Every line of the material is to be transcribed verbatim, with images omitted.

§ Information shown
# # # # # # #
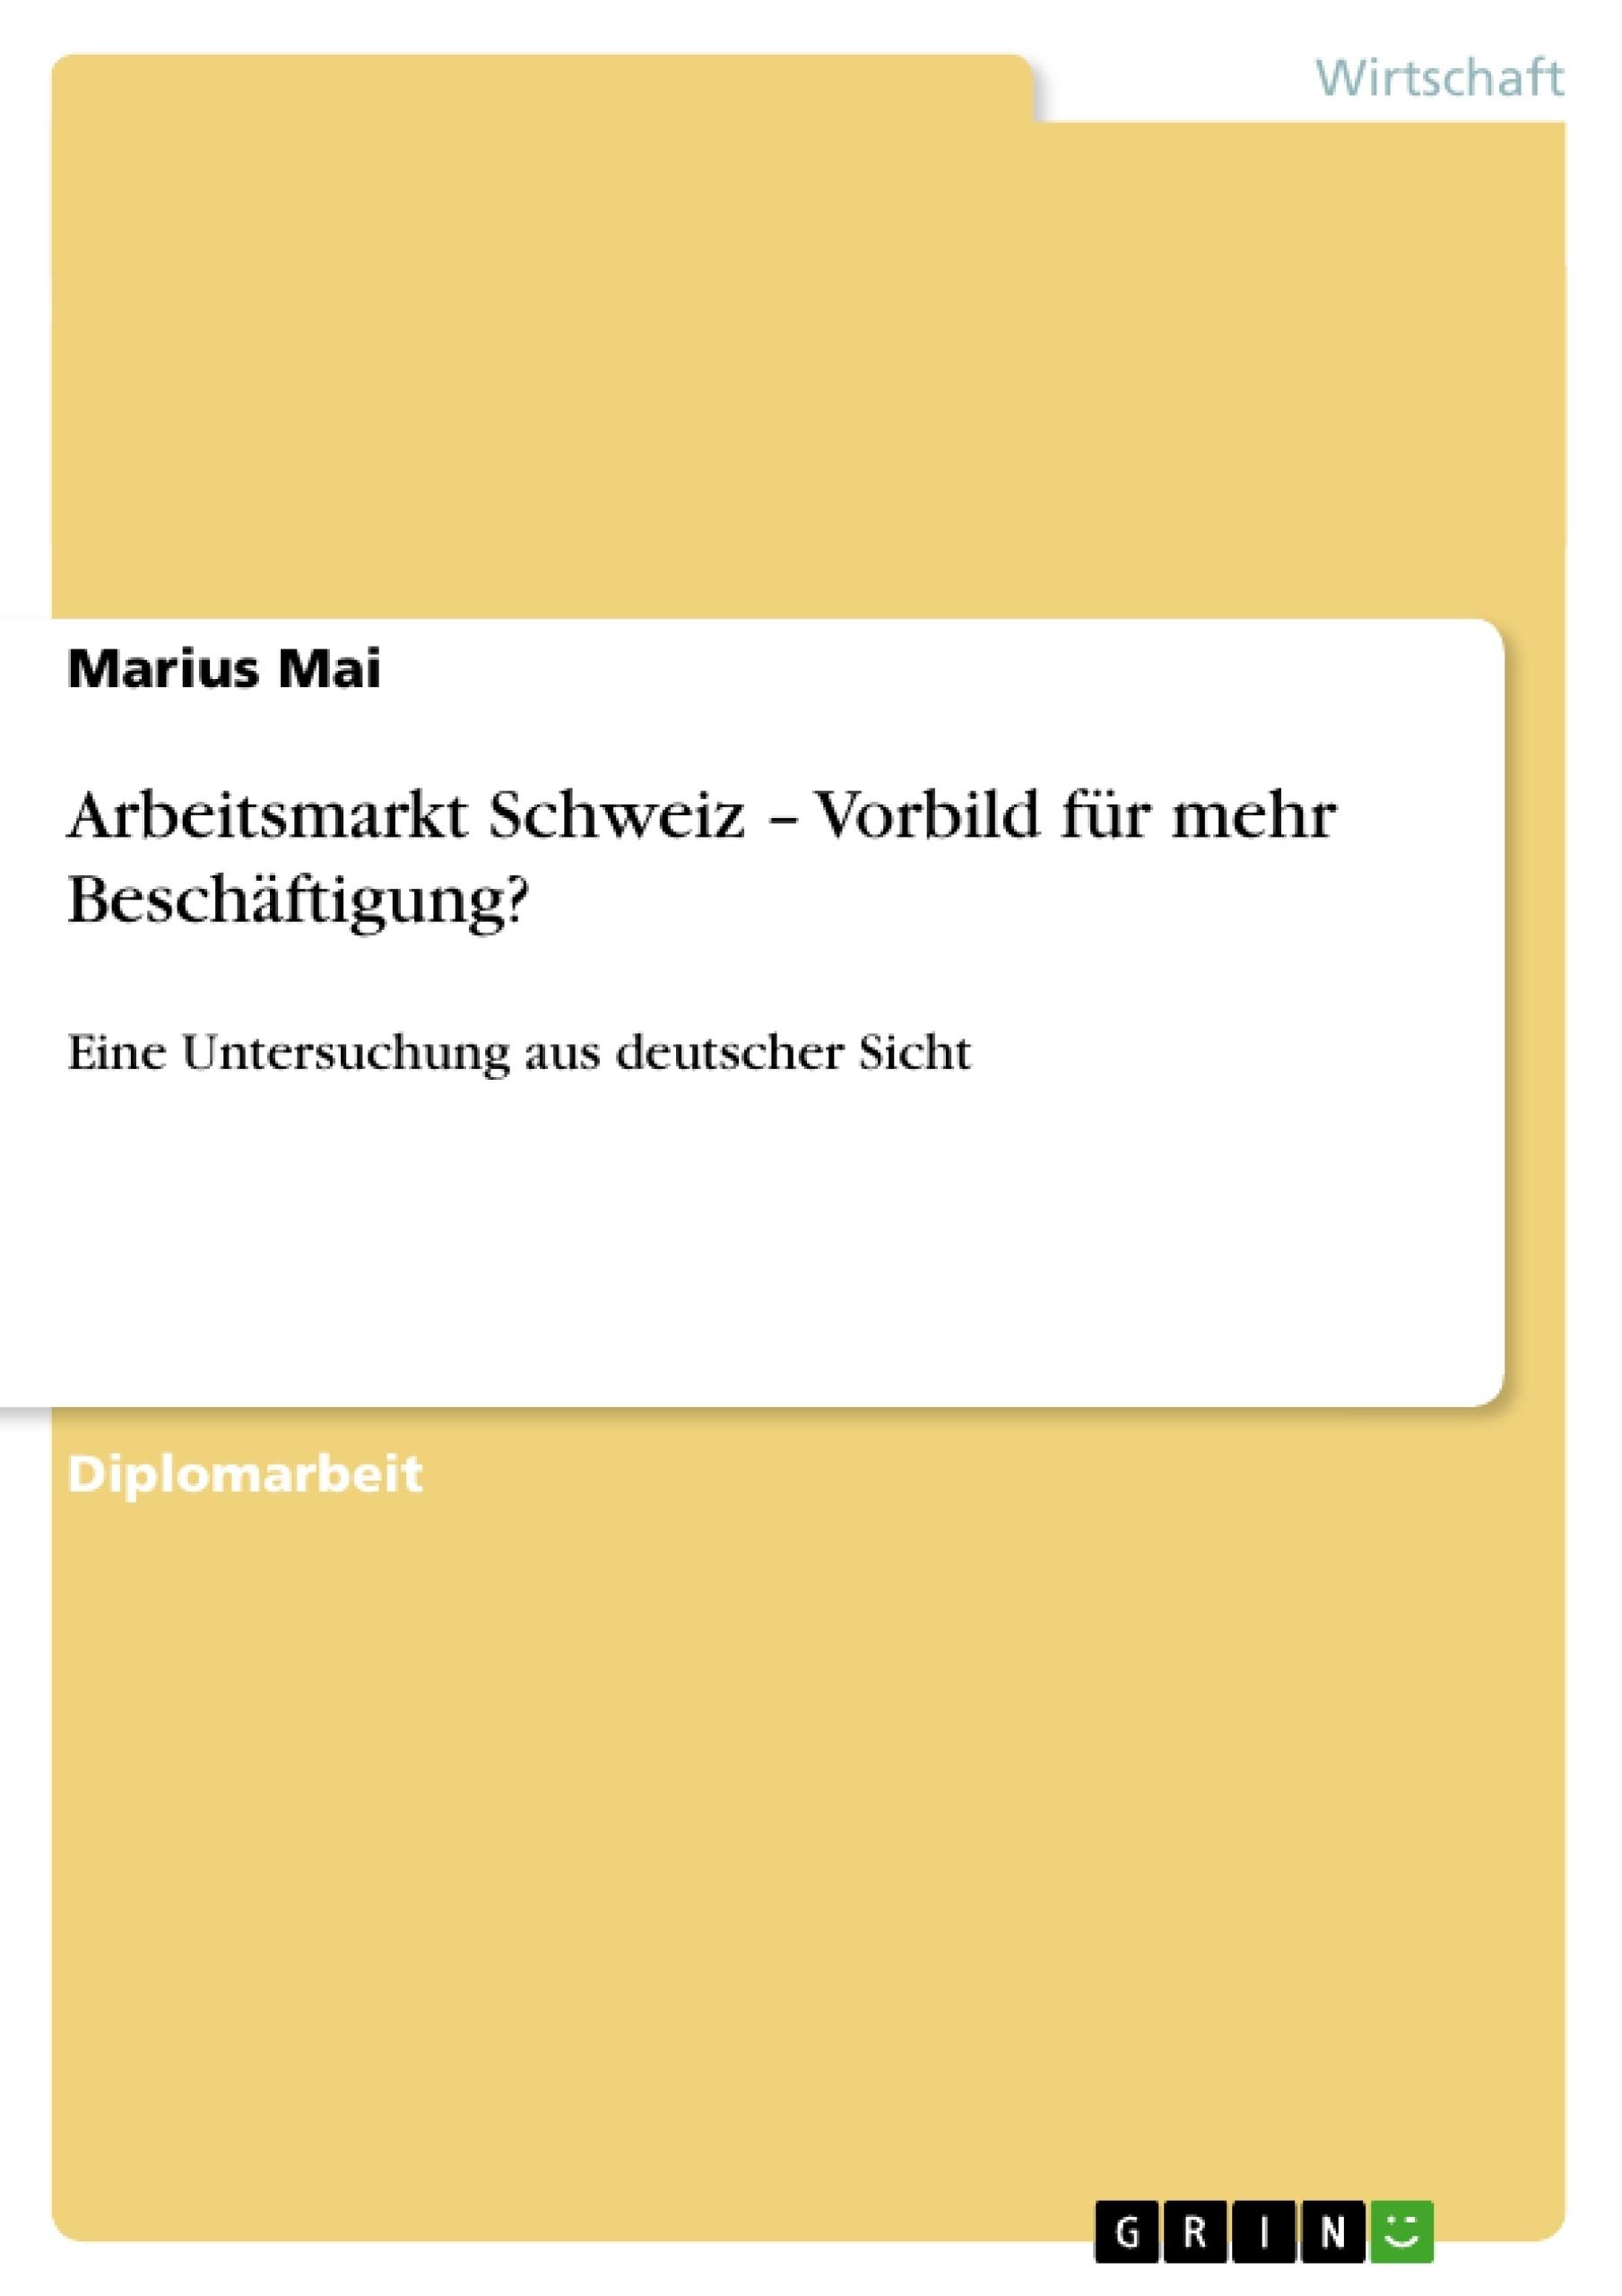 Titel: Arbeitsmarkt Schweiz – Vorbild für mehr Beschäftigung?
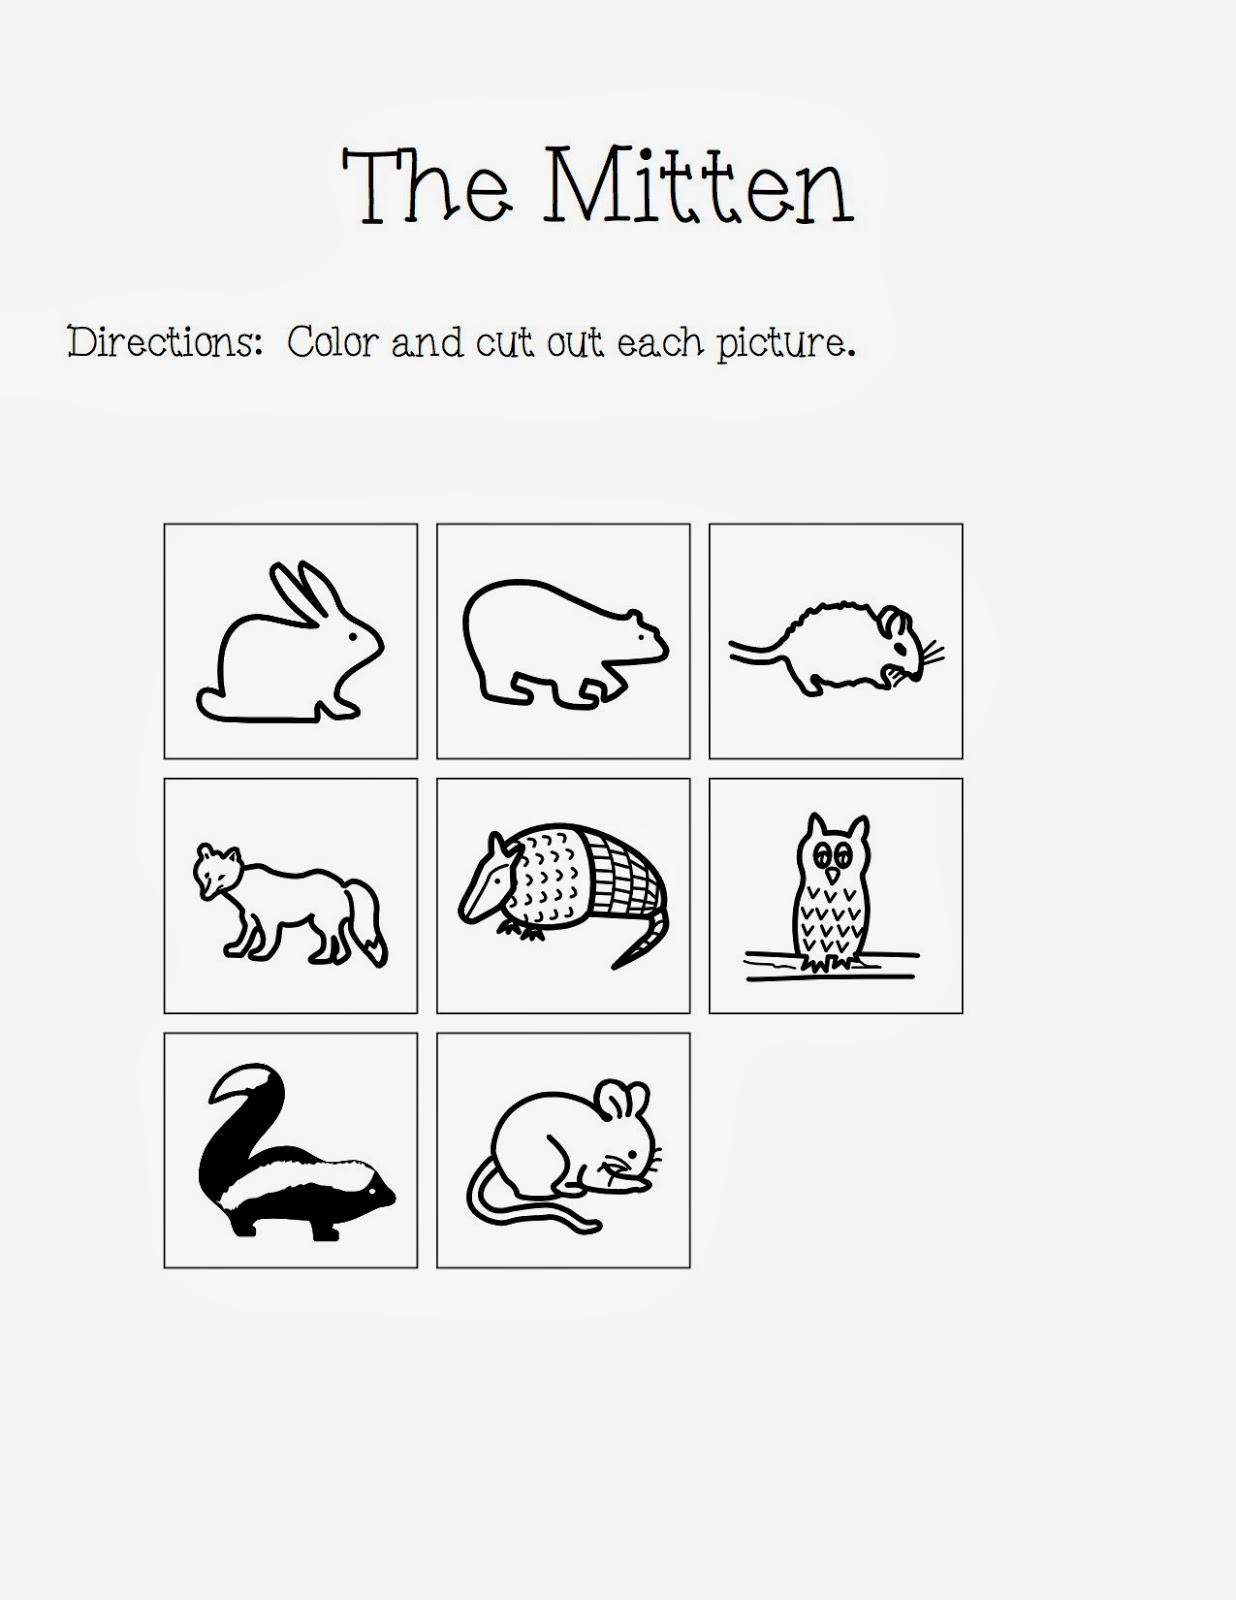 """The Mitten"""" By Jan Brett Activities! - The Autism Adventures of Room ..."""
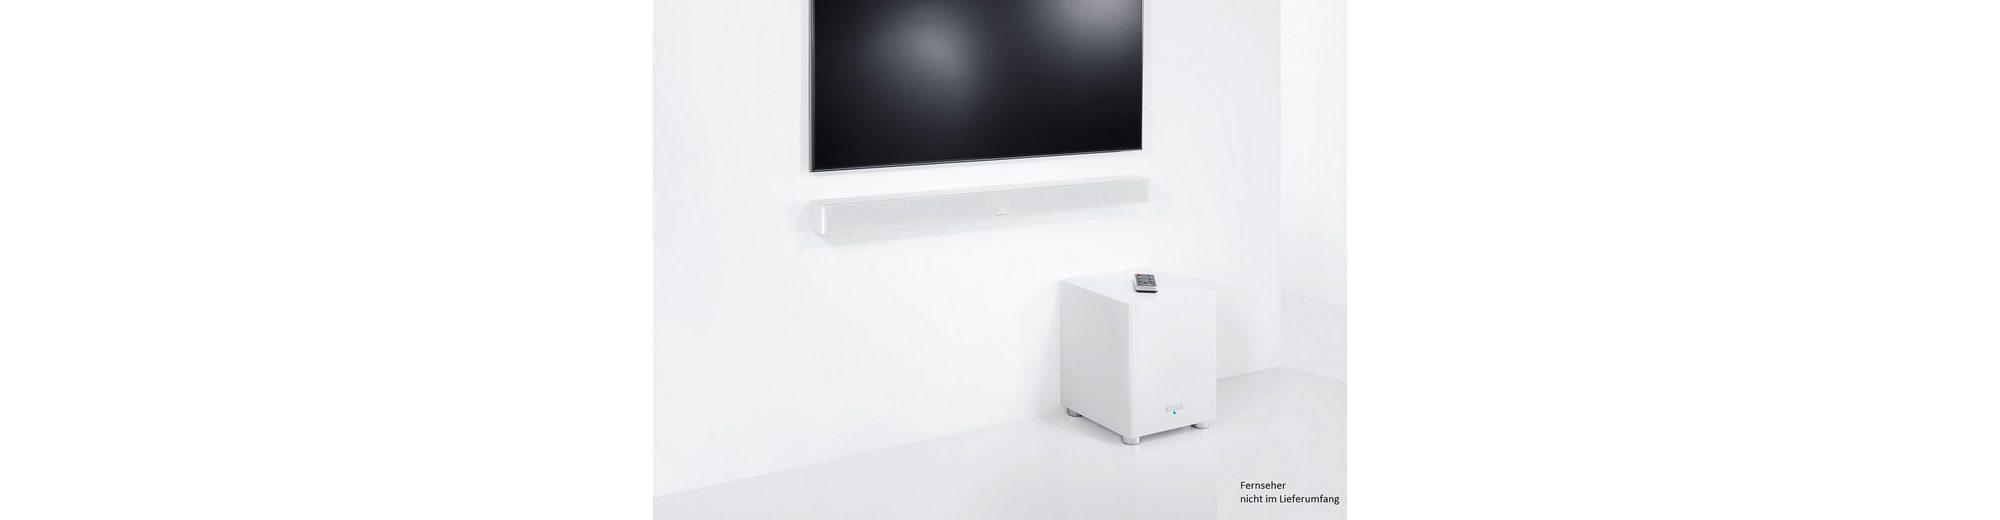 Canton 2.1 Surround System »DM 900 weiß«
# # # # # # #
§ Response area
 Titel: Arbeitsmarkt Schweiz – Vorbild für mehr Beschäftigung?
 """The Mitten"""" By Jan Brett Activities! - The Autism Adventures of Room ..."""
 Canton 2.1 Surround System »DM 900 weiß«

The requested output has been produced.